Global production and consumption of silver nanoparticles (nAgs) are forecasted to increase due to their applications in modern technologies. This situation raises concerns related to their environmental and human health consequences, as nAgs potentially will be released to the environment during and/or at the end of the product life cycles. Environmental impacts due to the raw materials and manufacturing of nAgs are examined throughout the literature using cradle-to-gate life cycle assessments. However, calculating nano-specific emissions resulting from nAg release is occasionally overlooked, or modeled as ionic silver, due to the lack of widely accepted characterization factors (CFs) to define the associated impact. The current study seeks to calculate CFs for nAgs by combining the principles of colloidal science with the USEtox model to be integrated to cradle-to-grave life cycle assessments. In order to control the variables while modeling the fate and behavior of nAgs, data from published mesocosm conditions are used.
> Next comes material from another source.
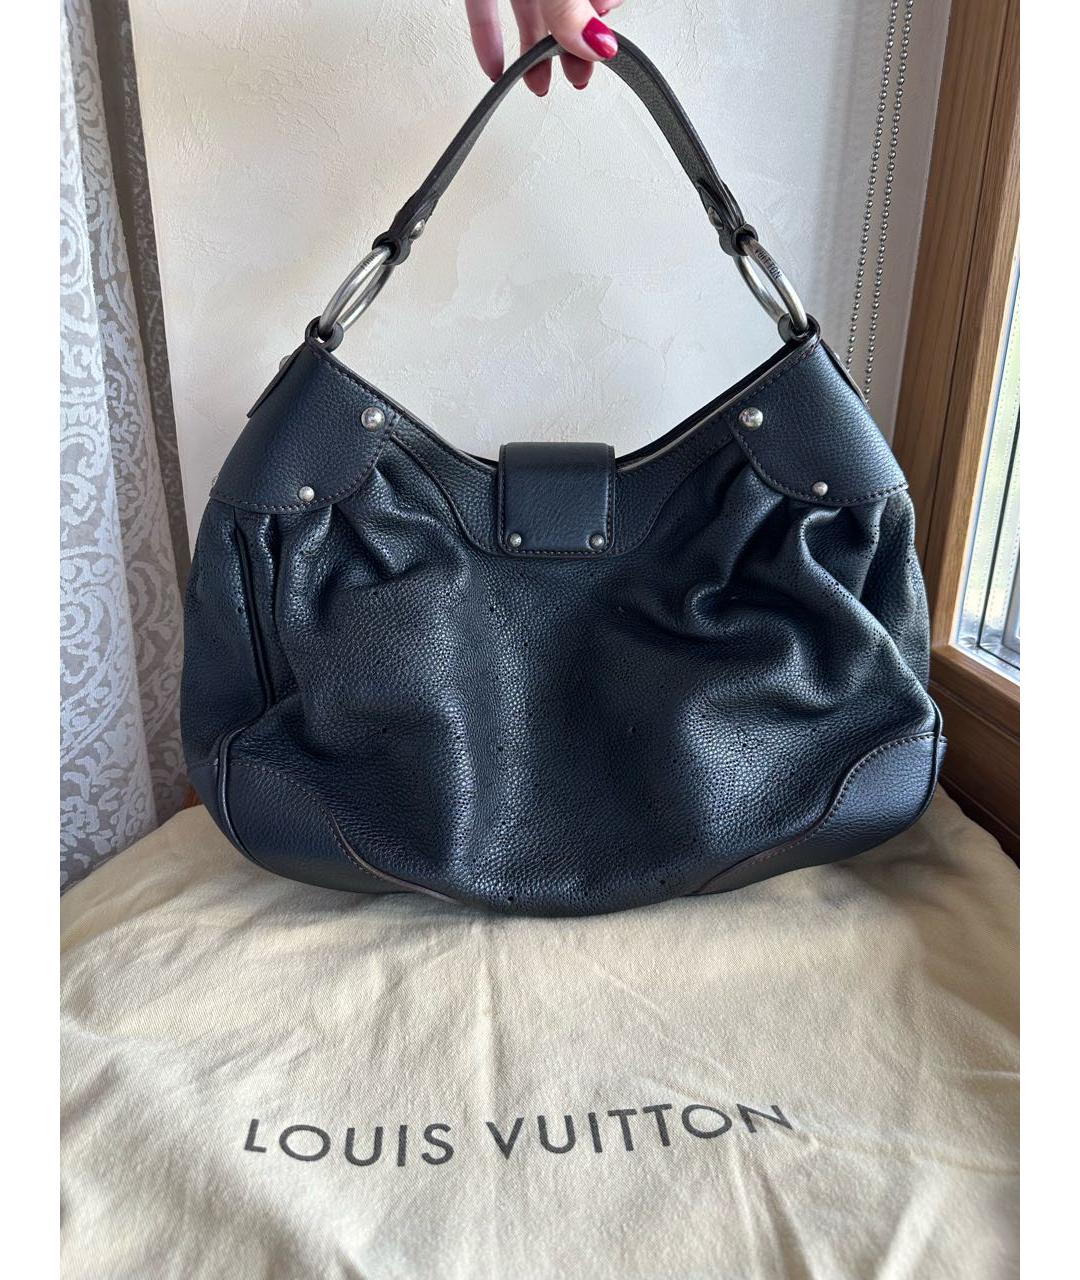 LOUIS VUITTON PRE-OWNED Черная кожаная сумка с короткими ручками, фото 2

Effect and fate factors for CFs are calculated considering certain physicochemical properties of nAgs in the mesocosm and the composition of aquatic media. Additionally, two different scenarios are computed where the hetero-aggregation is modeled as either a removal or a transformation process, which significantly changes the final results. Considering different scenarios, a CF range is proposed as 2.19 × 10³–2.34 × 10⁵ PAF m³ day kg⁻¹ (PAF: potentially affected fraction) for polyvinylpyrrolidone (PVP)-coated nAgs. Moreover, as a result of sensitivity analysis, it is found that the characteristics of the suspended particulate matter largely affect the fate of nAgs under both scenarios. Results suggest that using ionic silver to model nAg release will potentially overestimate the environmental impacts.